Set down all of the data that follows word for word, without the images.

[DATA EXCERPT]
########################################

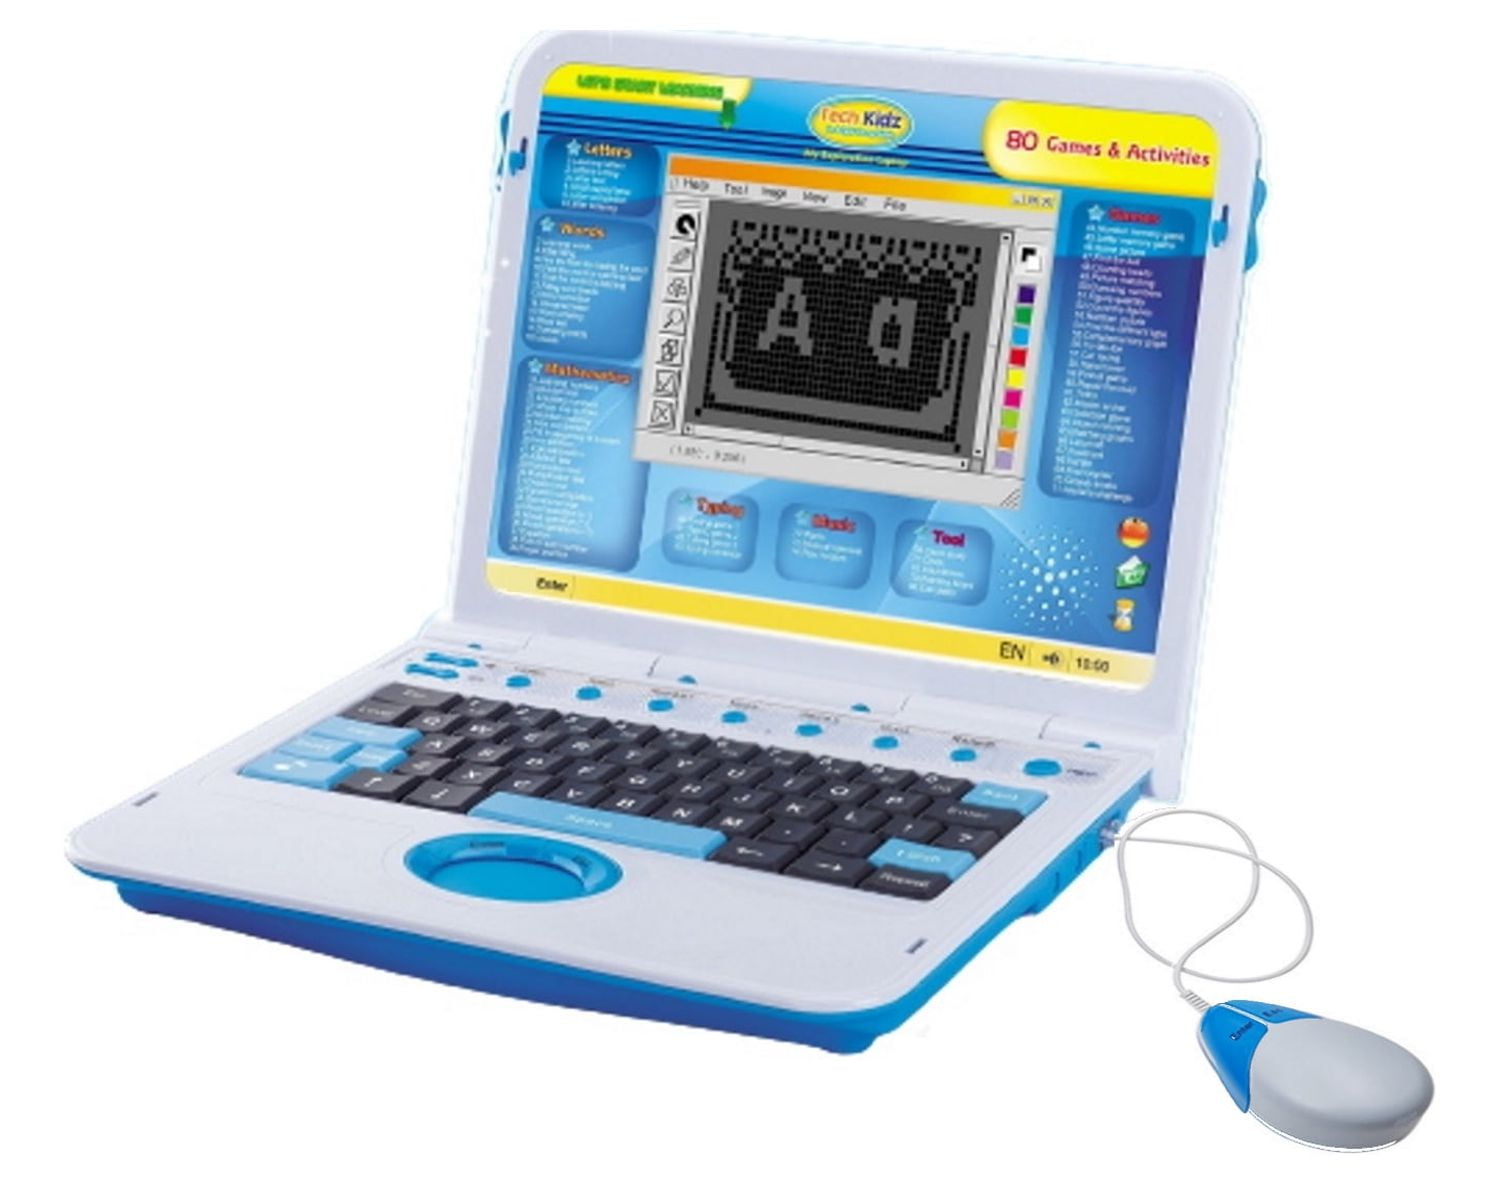 Toy Tote and Go Laptop from Vtech - Learn English Alphabet
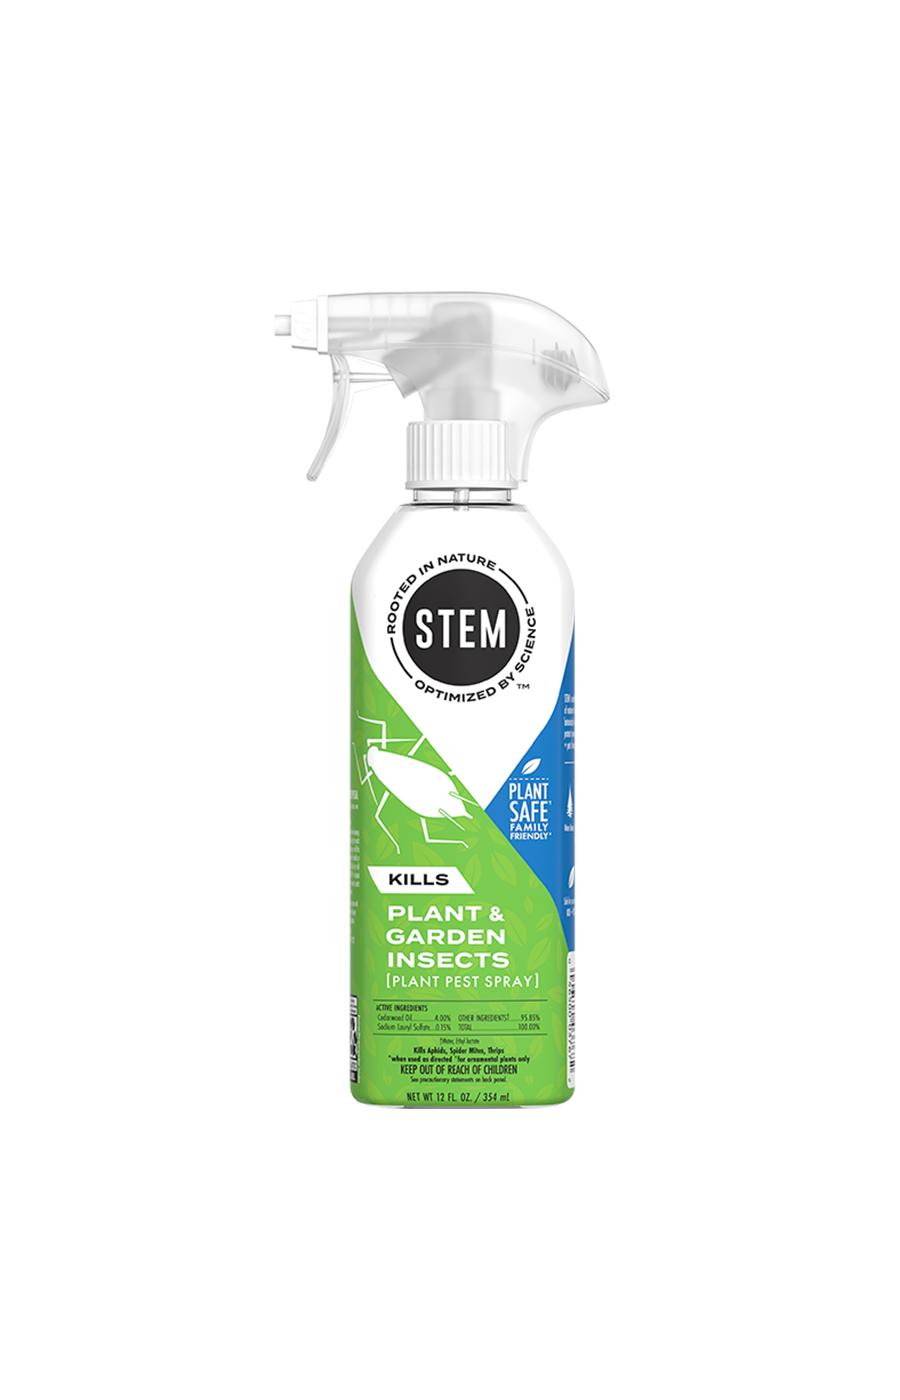 STEM Plant & Garden Insects Pest Spray; image 1 of 4
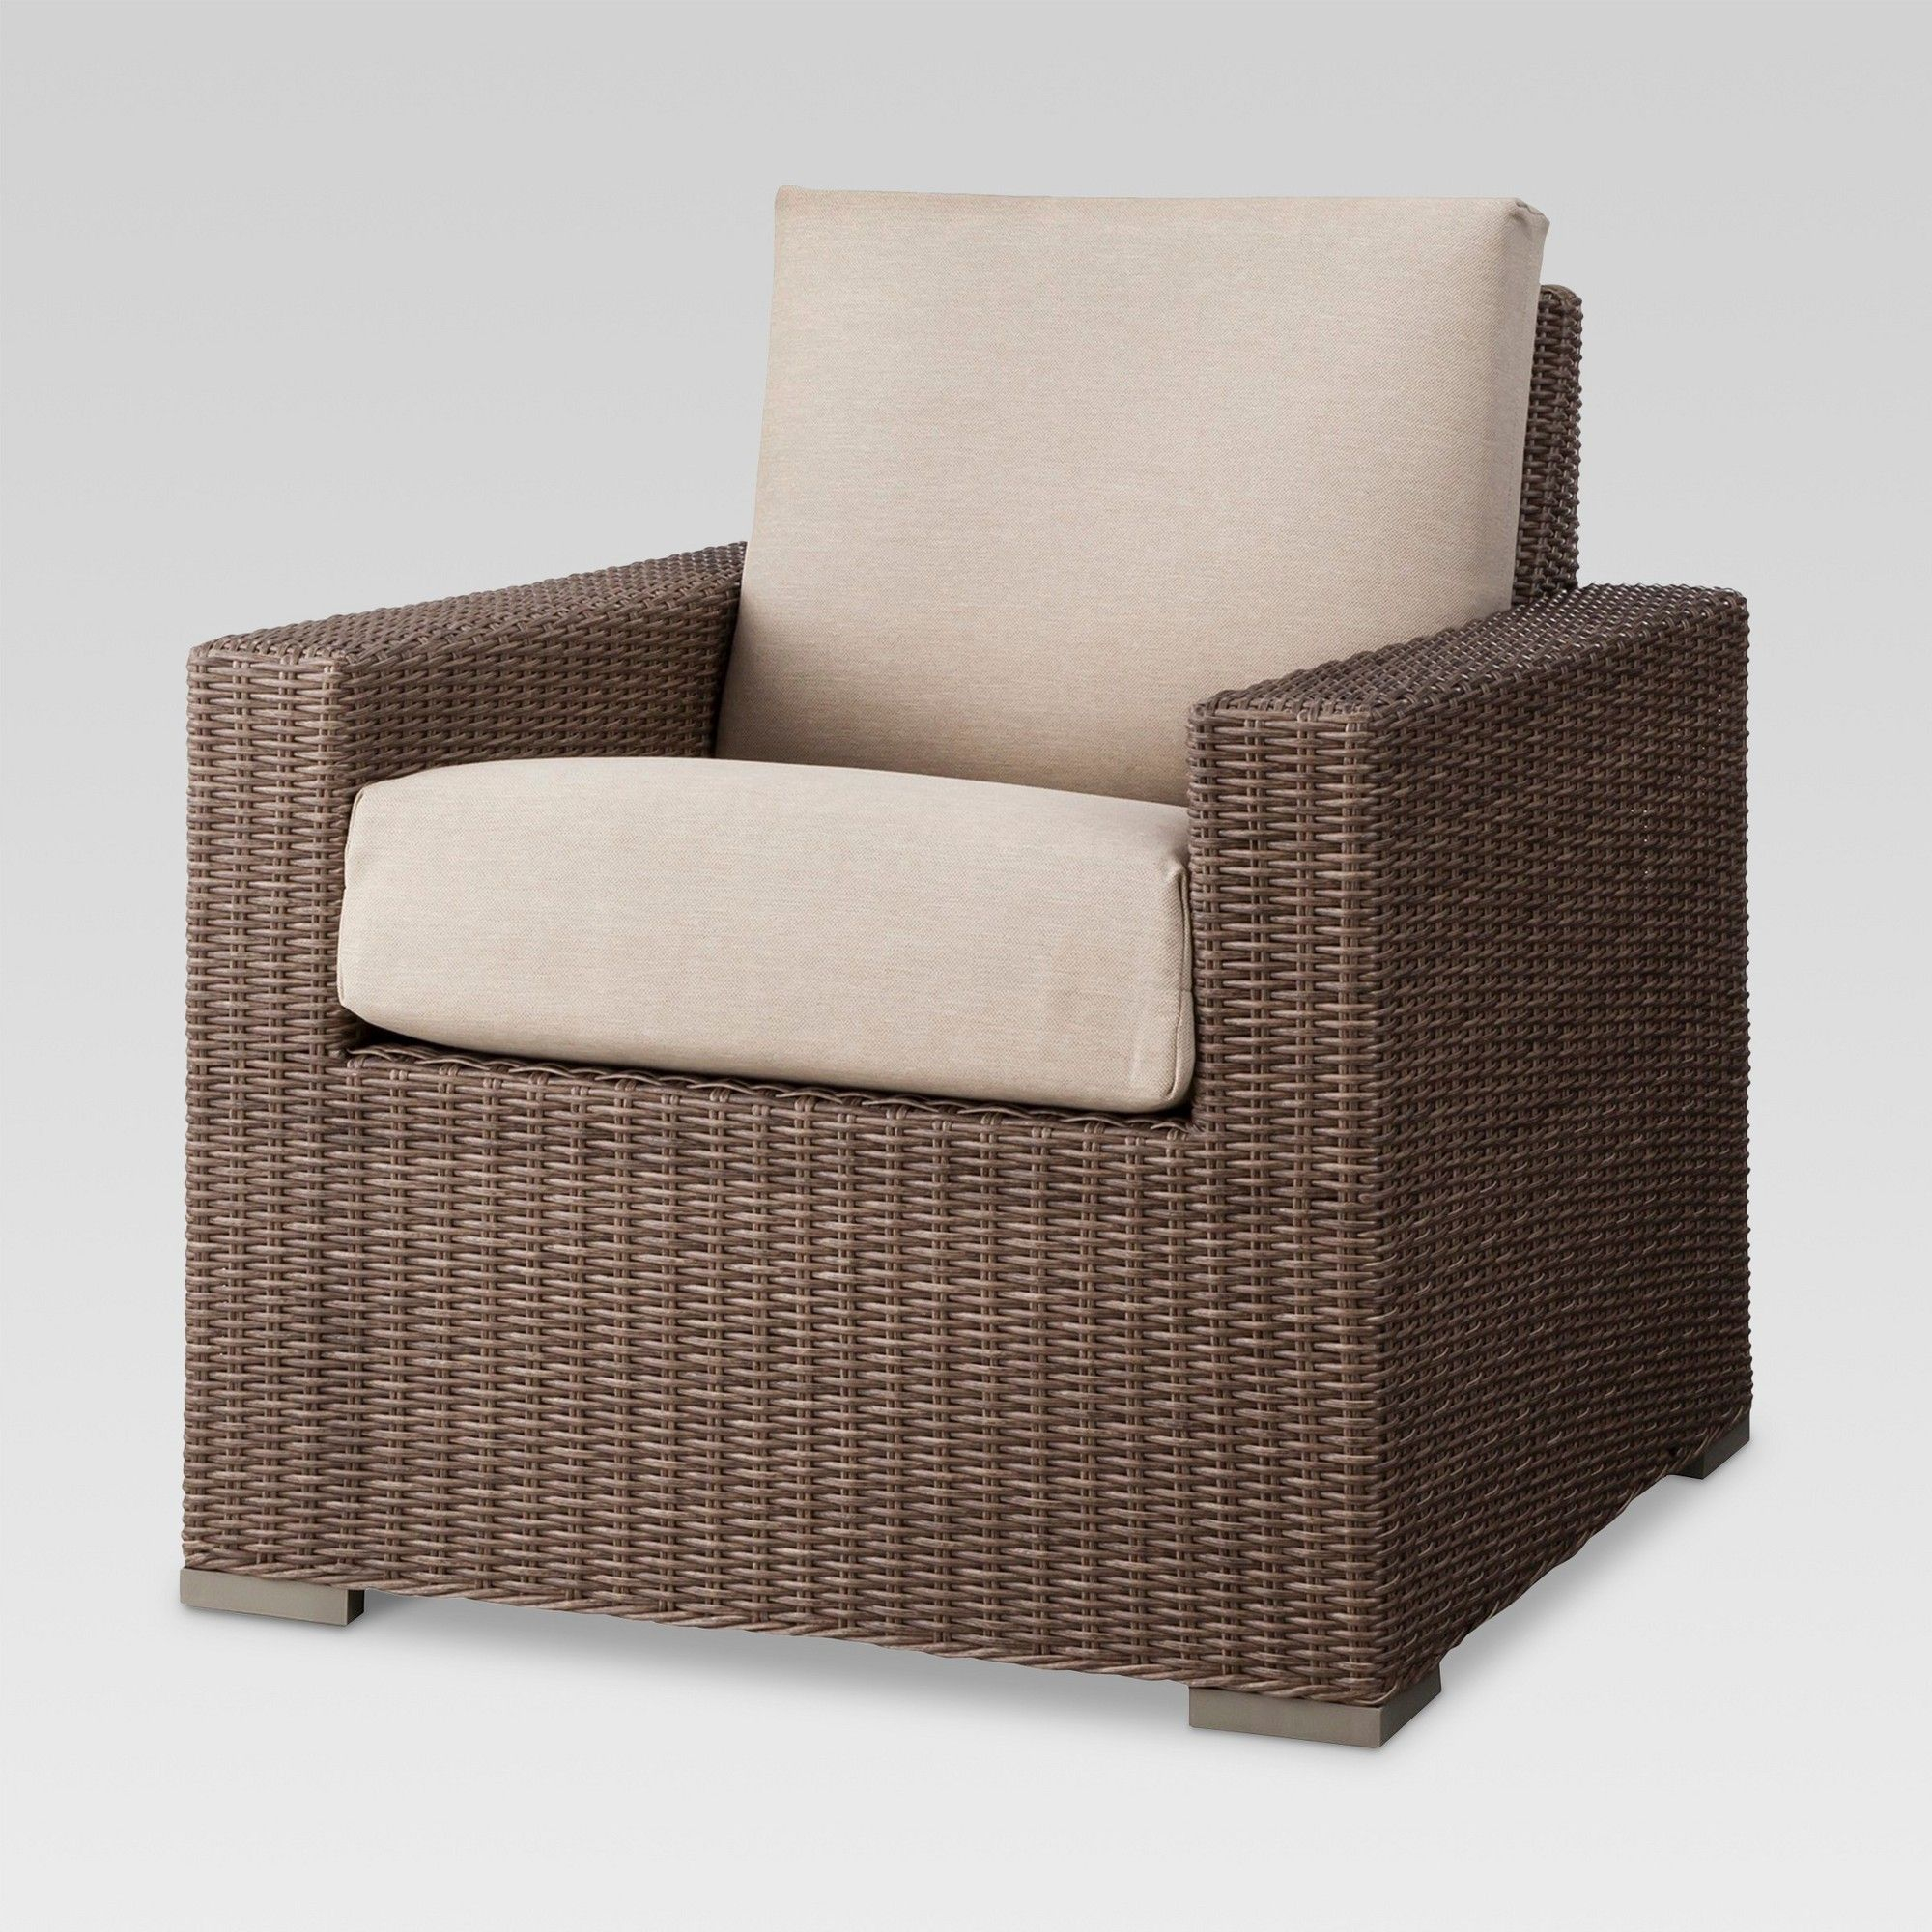 Heatherstone Wicker Patio Club Chair Tan Threshold within proportions 2000 X 2000

########################################

[ANSWER BELOW]
 Toy Tote and Go Laptop from Vtech - Learn English Alphabet
 STEM Plant & Garden Insects Pest Spray; image 1 of 4
 Heatherstone Wicker Patio Club Chair Tan Threshold within proportions 2000 X 2000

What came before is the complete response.